Тело, окоченевшее до полного бесчувствия, наполовину лежало в воде. Нижнюю часть словно ампутировали. Темнота, окружавшая Гарольда, полнилась звуками. Тут и там пробивали сумрак твердые, будто отлитые из стекла, лучи лунного света. Тварь щелкала и скрежетала, ее руки находились в постоянном движении, вспенивали воду и поворачивали Гарольда, как грудного младенца во время пеленания.
Гарольд не слышал боли. Когти твари снимали кожу лоскутами, обдирали ее вместе с одеждой. Гарольду было все равно. С огромным трудом он не давал векам сомкнуться. Упрямство еще держало на плаву, но с каждым мгновением Гарольд все глубже погружался в смертный сон, и только настырный свет луны, капающий сквозь дыры в крыше, не давал оборвать последние нити, связующие душу с телом.
Крыша?
Интерес, такой случайный, нелепый, вспыхнул столь внезапно и так же быстро угас, заставил оглядеть склеп, в который притащила его тварь. Свет отражался от воды и немного рассеивал тьму. Вокруг Гарольда торчали ребра шпангоута, похожие на раздавленную корзину великана. Он лежал на помосте, уходящем под воду. Футах в десяти сверху скалилась разодранными досками дыра. За пределами нескольких островков света тьма становилась настолько плотной, что оглушала. Горькая слизь забила нос Гарольда, в ушах шумел прибой. Они не различали плеск и клекот, с которым левиафан его потрошил, и скрипы стен, жалующихся на свою гнилую судьбу.
Последние обрывки одежды исчезли в воде. Руки твари подняли Холдстока, перевернули, как мясник тушу, прежде чем приступить к разделке. Гарольд почувствовал рывок. Что-то сильно дернуло его за ногу. Щегольские штиблеты разбухли и не желали слезать. Чудовище выпустило Гарольда, он рухнул на помост, в голове зазвенело, простреленный локоть отозвался резкой болью. Второй раз за день она играла ему на руку.
Пусть Гарольд и потерял надежду, но тело продолжало цепляться за жизнь. Кровь рвала жилы, пробиваясь в омертвевшие ноги. Гарольд слышал, как бунтует сердце, расшибаясь о ребра, как о тюремную решетку.

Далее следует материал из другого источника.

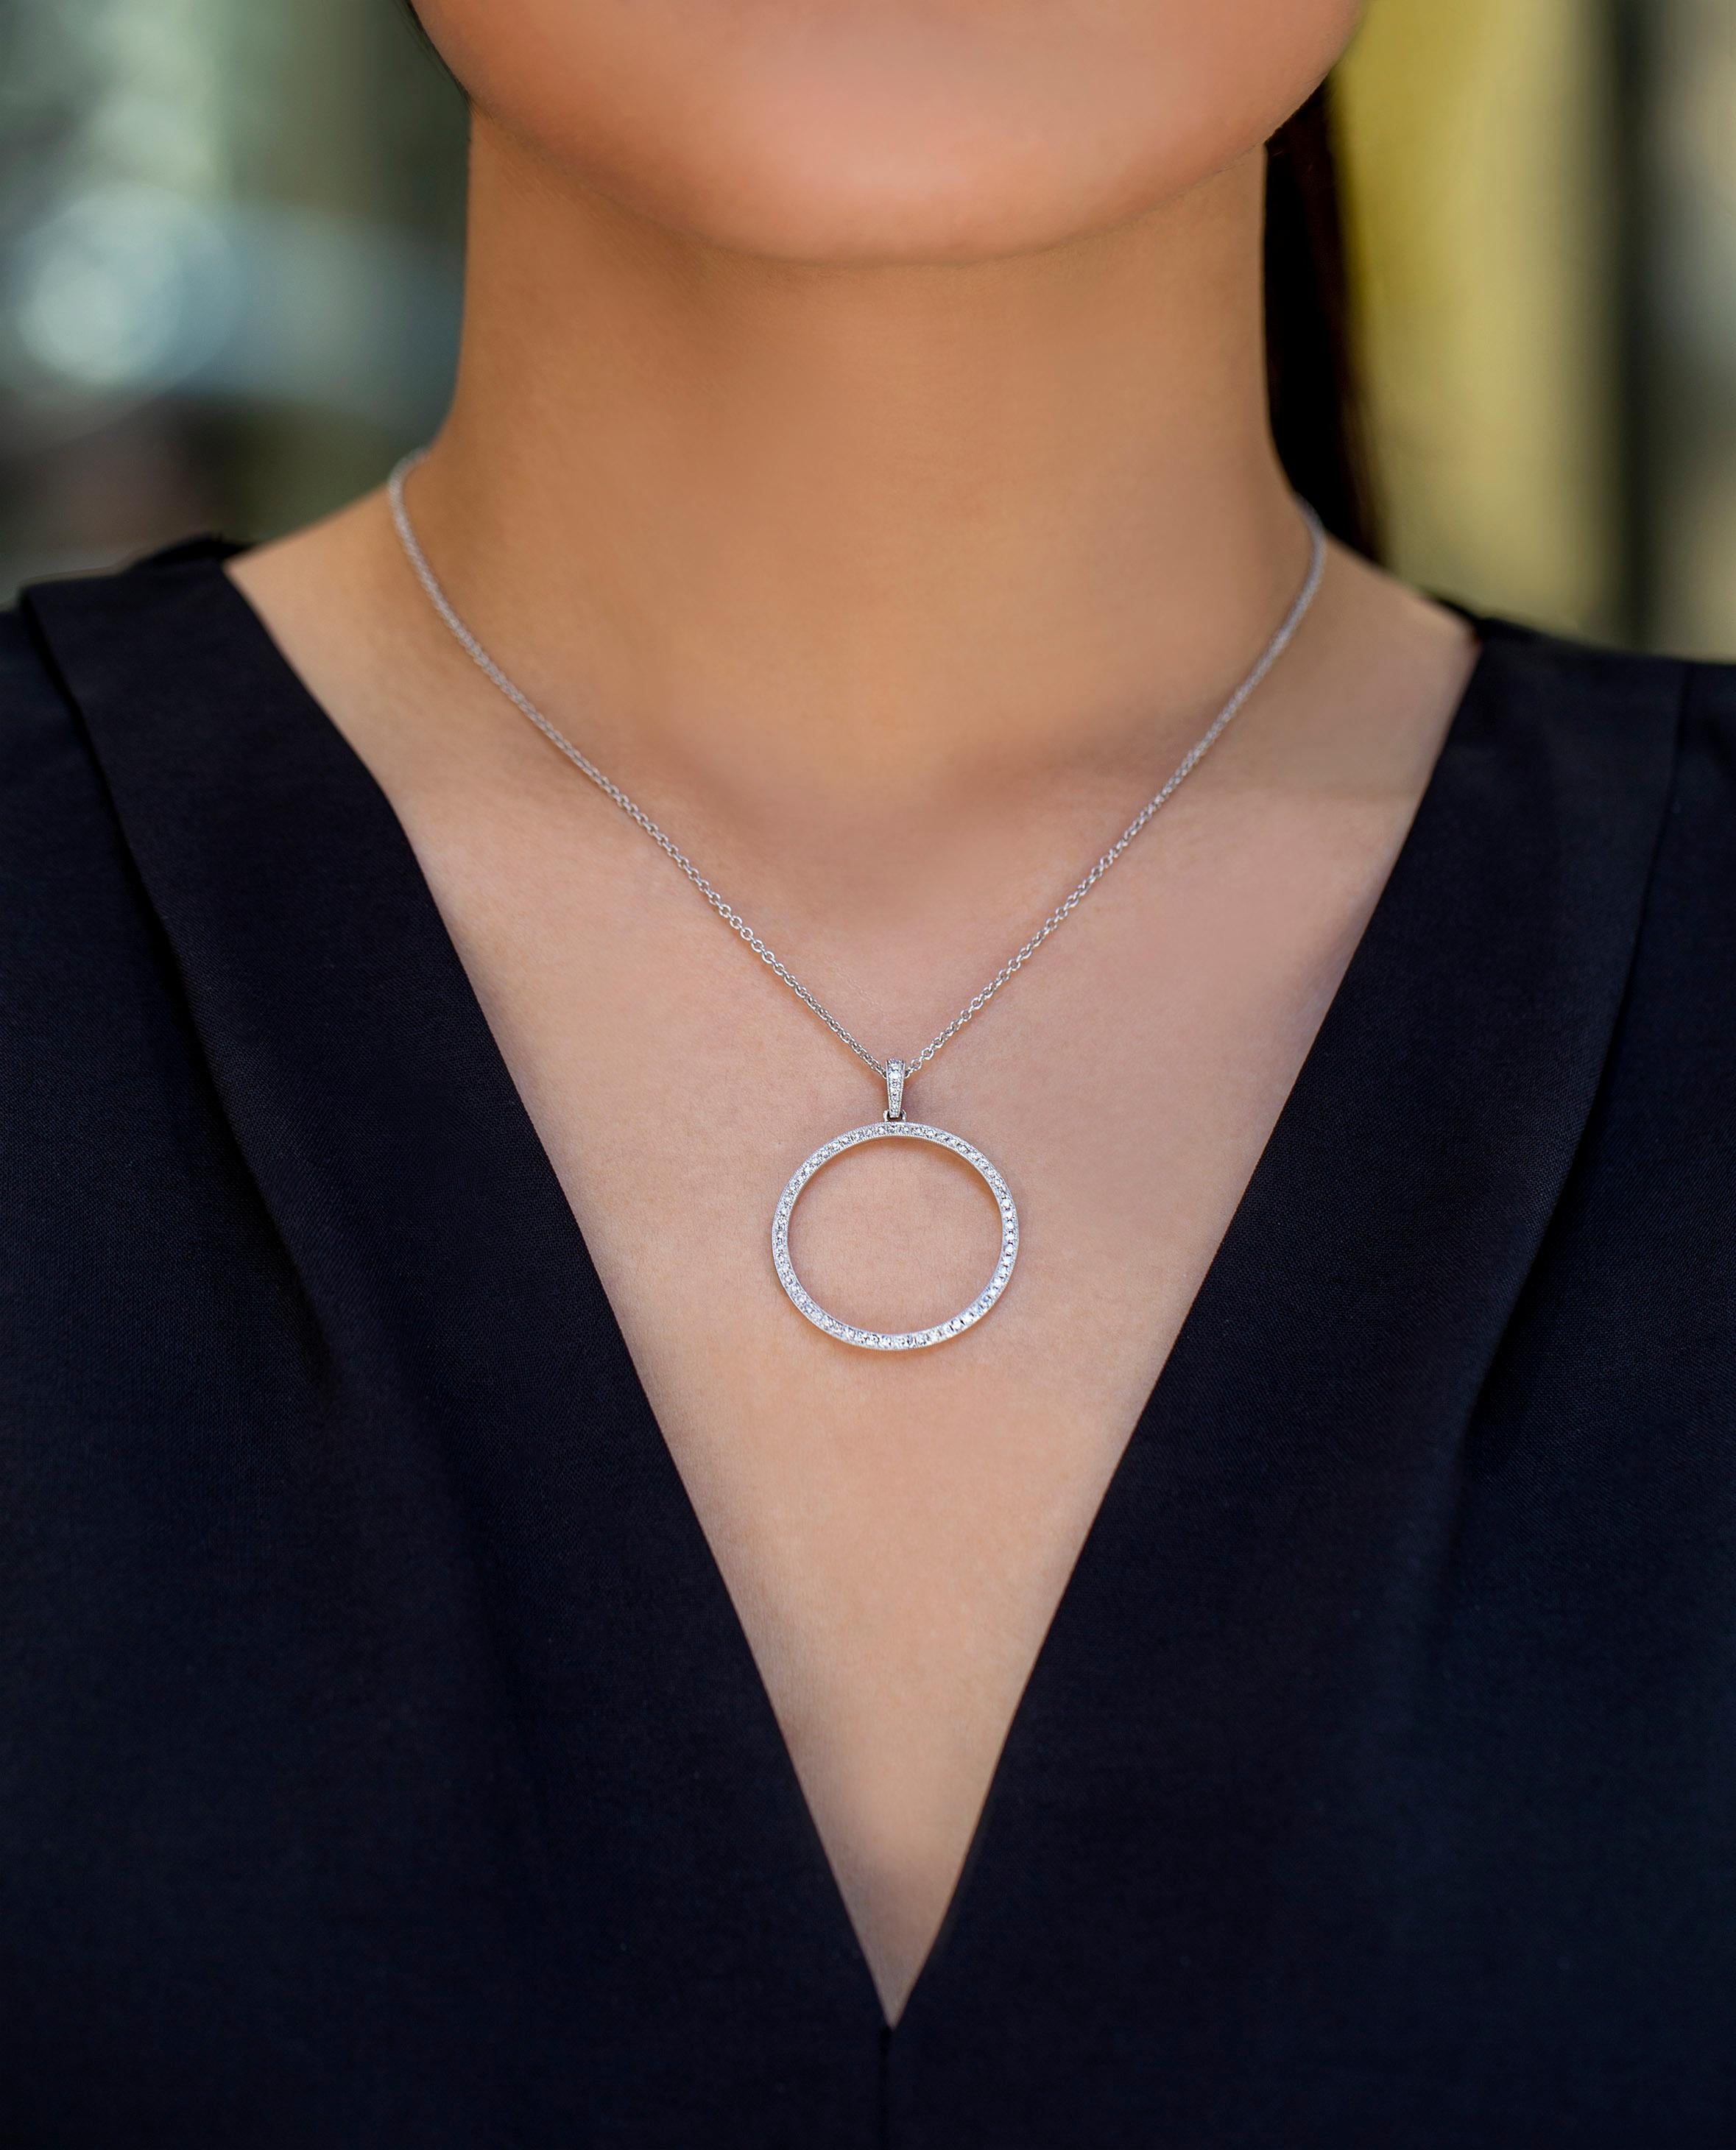 A simple pendant necklace showcasing a diamond encrusted circle pendant weighing 0.64 carats total, pave set with milgrain edges, with diamond encrusted bail. suspended on 18 inches white gold chain, Made in 18k White Gold.

Style available in

Скрежет, издаваемый тварью, сменился чавканьем. Темнота мешала Гарольду рассмотреть подробности, но он не сомневался, монстр тянет к нему пульсирующую пасть, похожую на кольцо с тремя рядами зубов, и в этот миг одна только мысль всерьез занимала Гарольда: чем занята тень и почему, дьявол ее задери, она ни разу не ответила на его письма?
Последний их разговор прошел без толики душевности и взаимопонимания, которая сама собой могла родиться за годы их теснейшего союза. О встрече попросила тень, Гарольд, сатанея от скуки, согласился.
– Почему на мне всегда эта повязка? – прежде королевский инспектор Холдсток не соизволил исчерпывающе раскрыть этот вопрос, не собирался и теперь, в чем, не сдерживая раздражения, признался.
– На что вам глаза? Вам мало платят? Вы носите мое имя, как парадный мундир, чаще, чем я. Разве не вкушаете вы плодов власти, что реально принадлежат мне? Разве я хоть в чем-то отказал вам?
– Да! – воскликнула тень, шея побагровела, освободи она руки, наверняка попыталась бы скинуть повязку с лица и… Чем ужасным грозило это Гарольду, объяснить он не мог, затвердив: «Доска остается под контролем, пока игра на ней идет по твоим правилам». – Да! Во взаимности! Вы украли мою жизнь, имя, вы подменили его своим. Каким я был глупцом! Никогда не иди на сделку с Дьяволом, потерять душу еще при жизни…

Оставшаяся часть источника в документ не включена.